*** Opening DATA ***

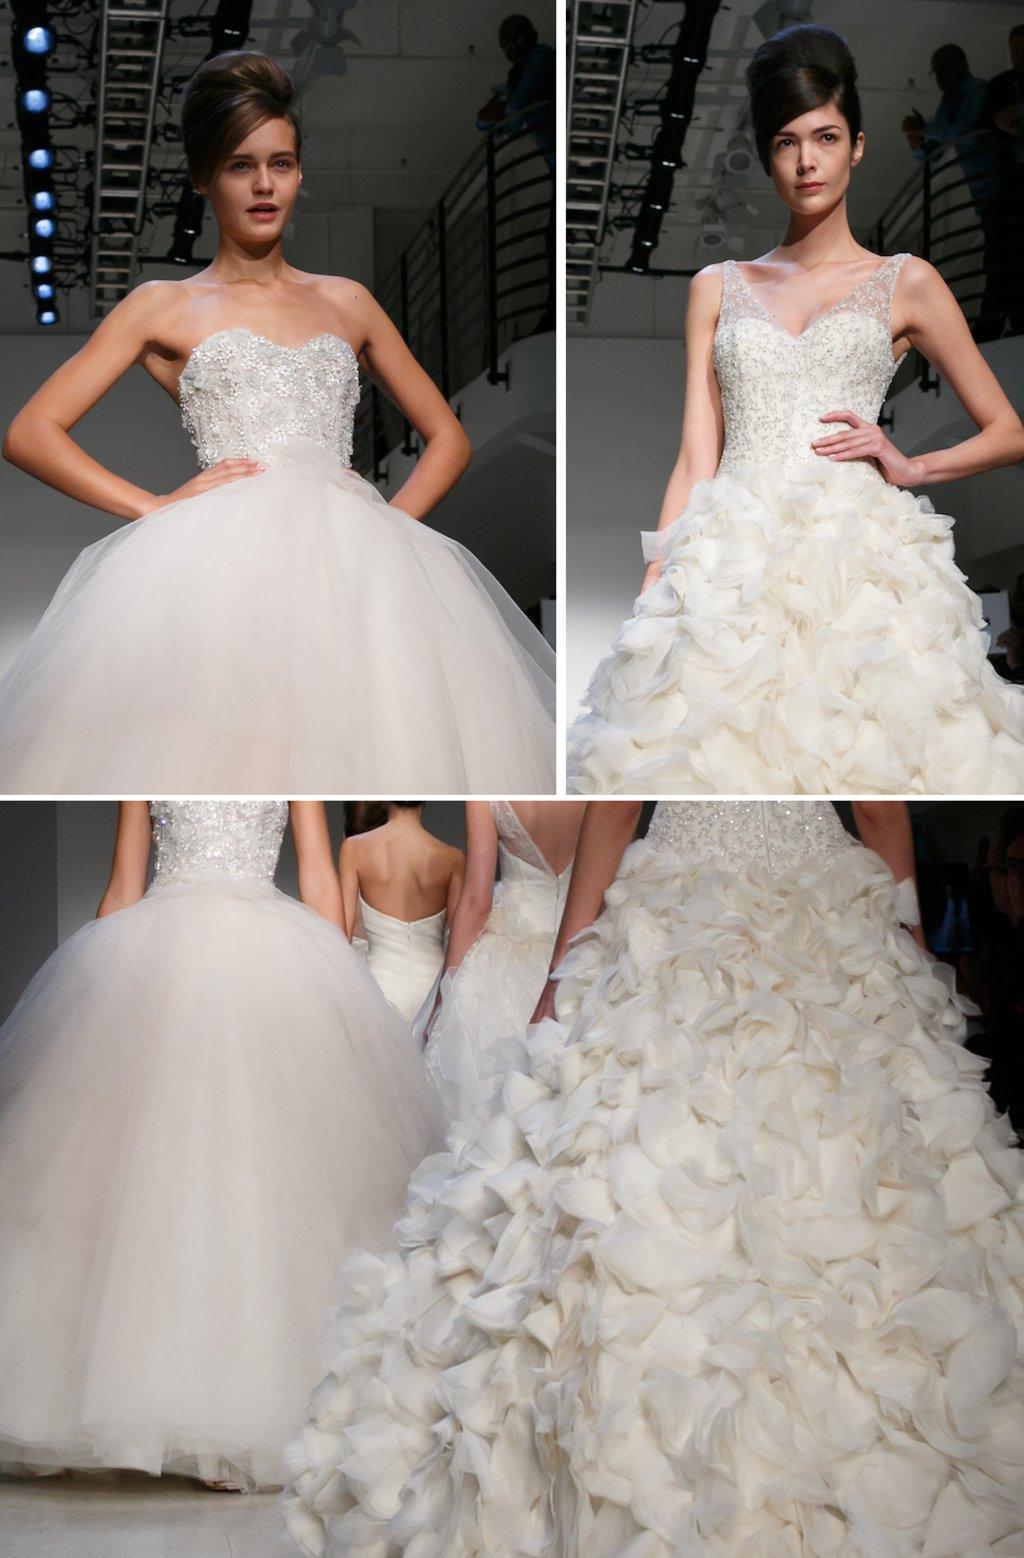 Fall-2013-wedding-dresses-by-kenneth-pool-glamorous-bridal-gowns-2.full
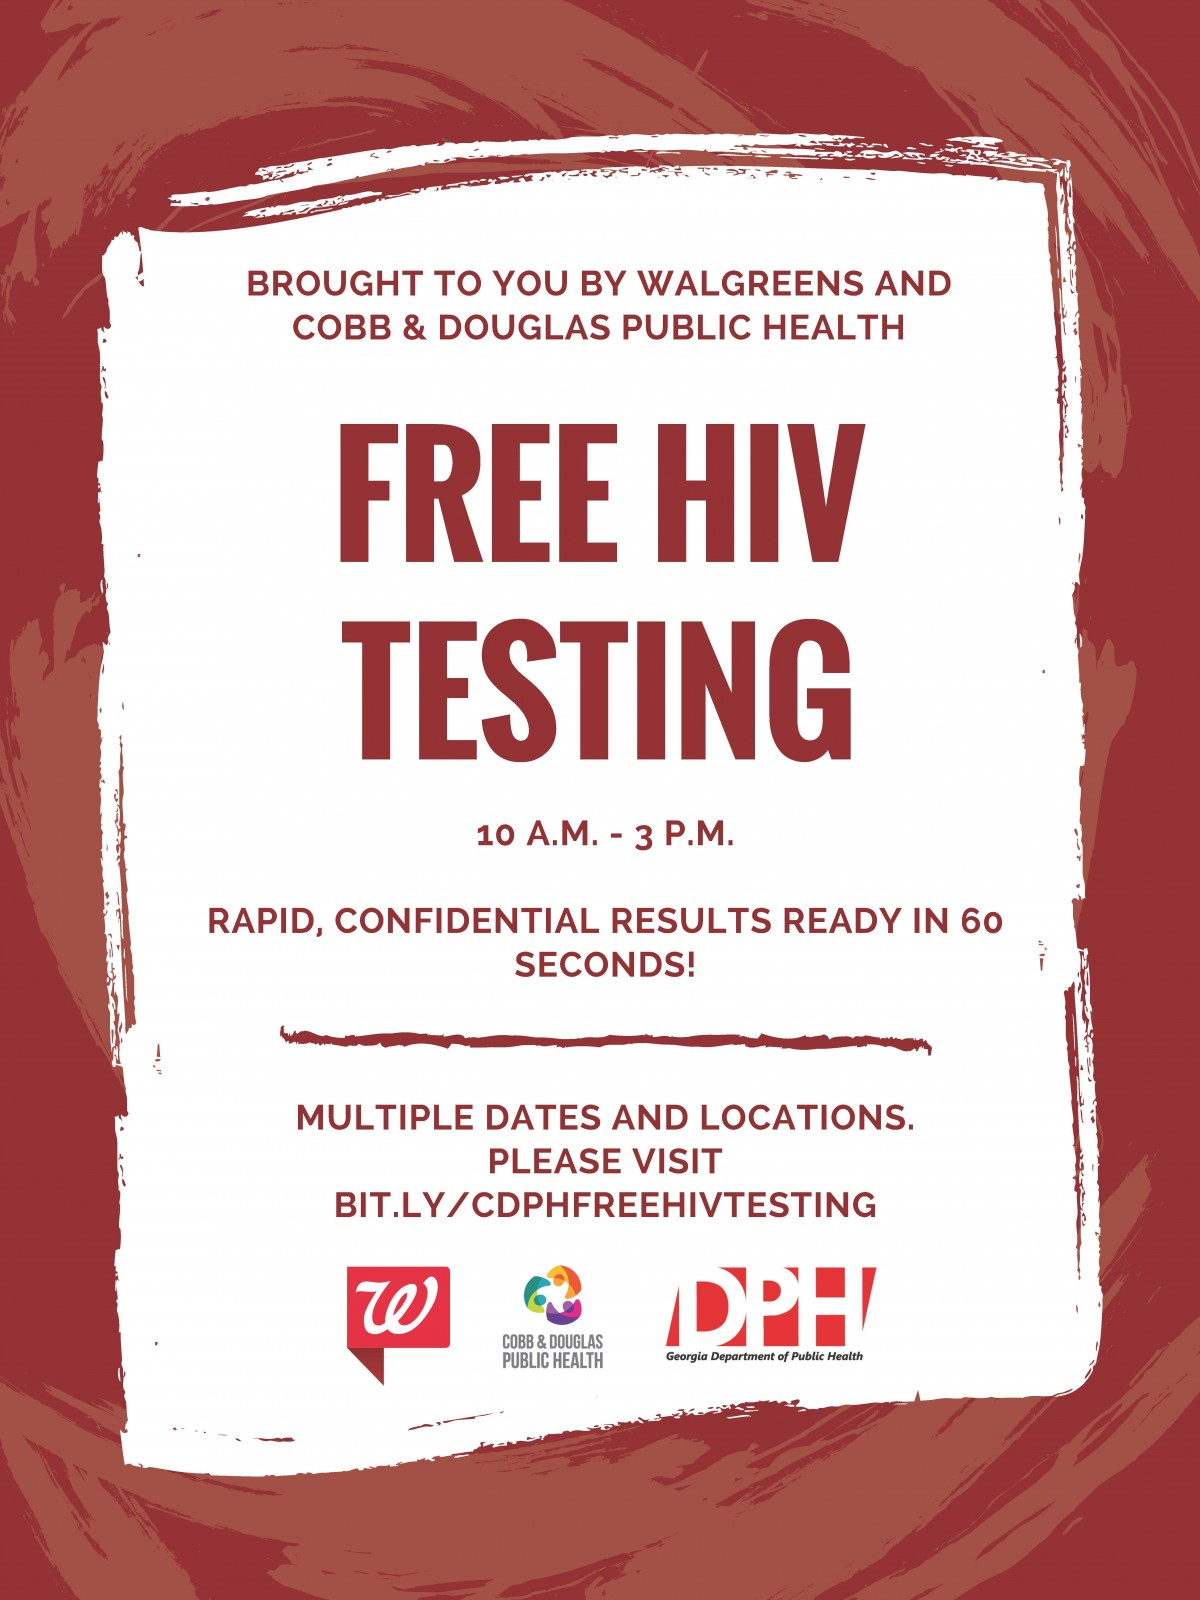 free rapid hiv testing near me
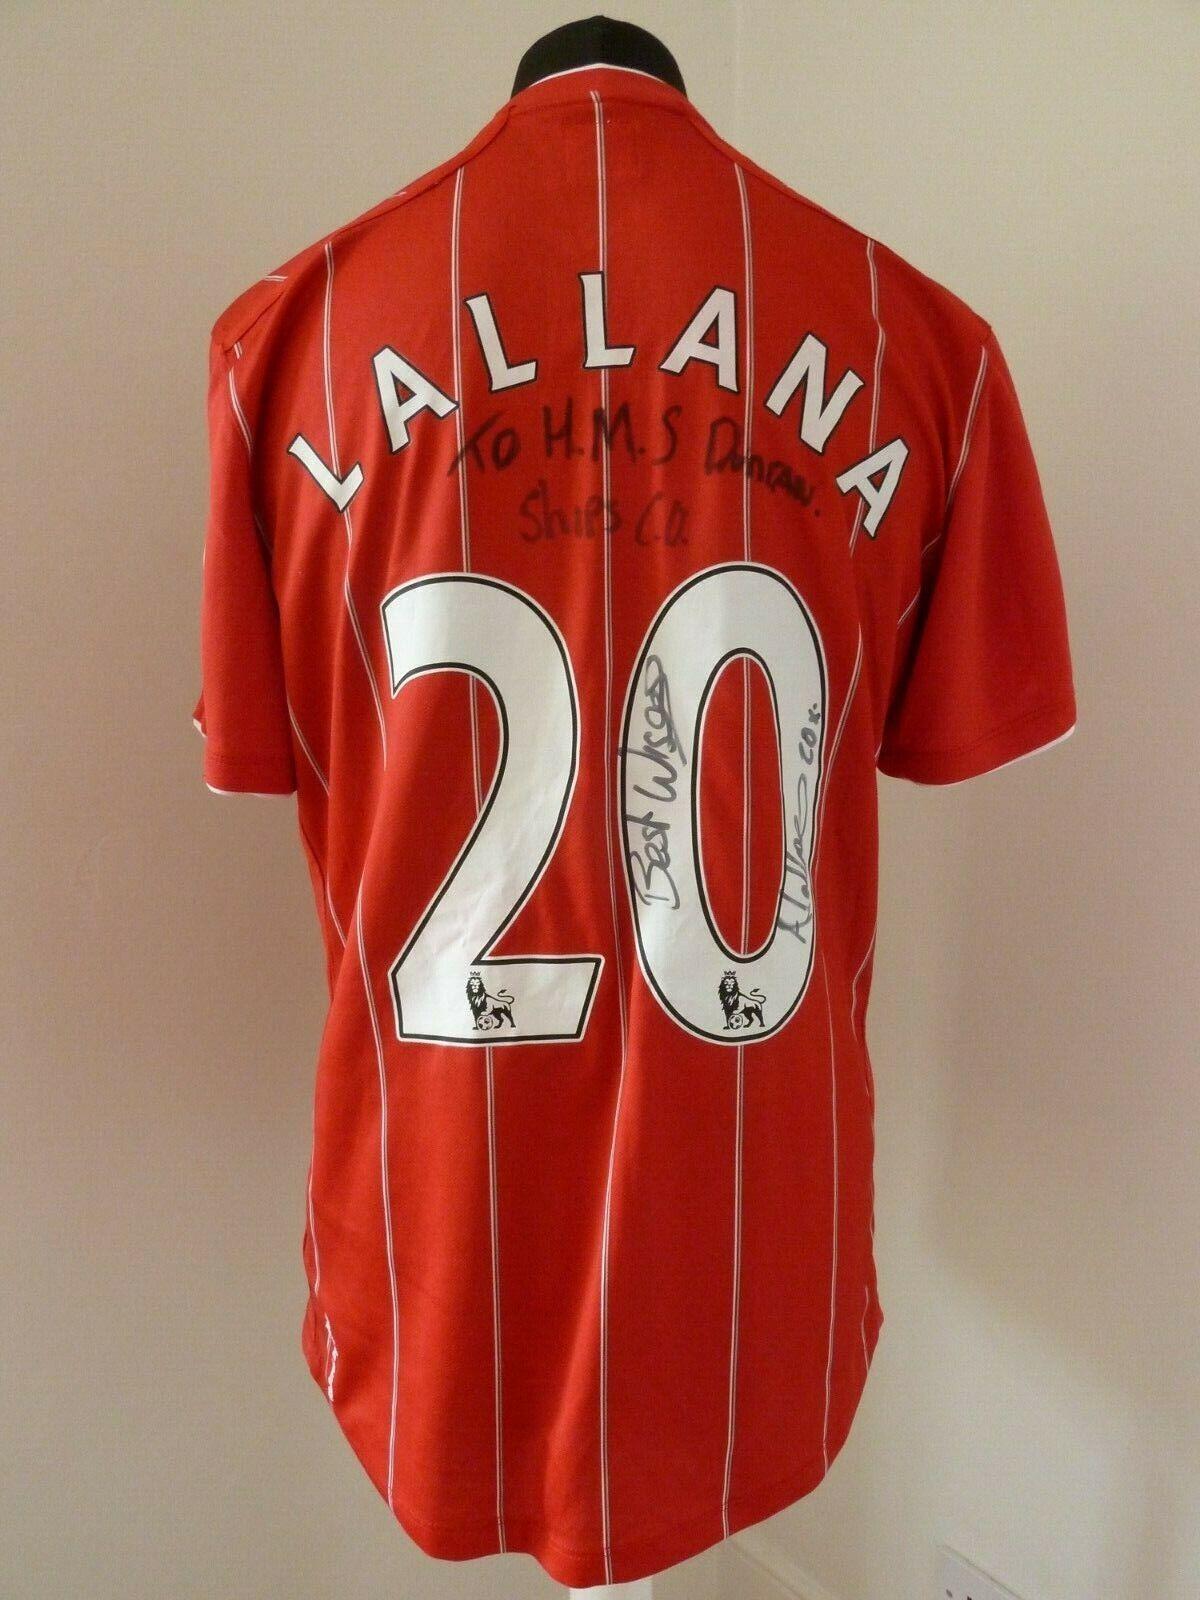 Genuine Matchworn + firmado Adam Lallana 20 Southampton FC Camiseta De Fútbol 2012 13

*** Closing DATA ***

#### [AIM OF THE TASK]
Take the line containing "free rapid hiv testing near me" and every line after it through the end of the data, and write them out exactly, with no pictures.

#### [RESPONSE]
 free rapid hiv testing near me
 Genuine Matchworn + firmado Adam Lallana 20 Southampton FC Camiseta De Fútbol 2012 13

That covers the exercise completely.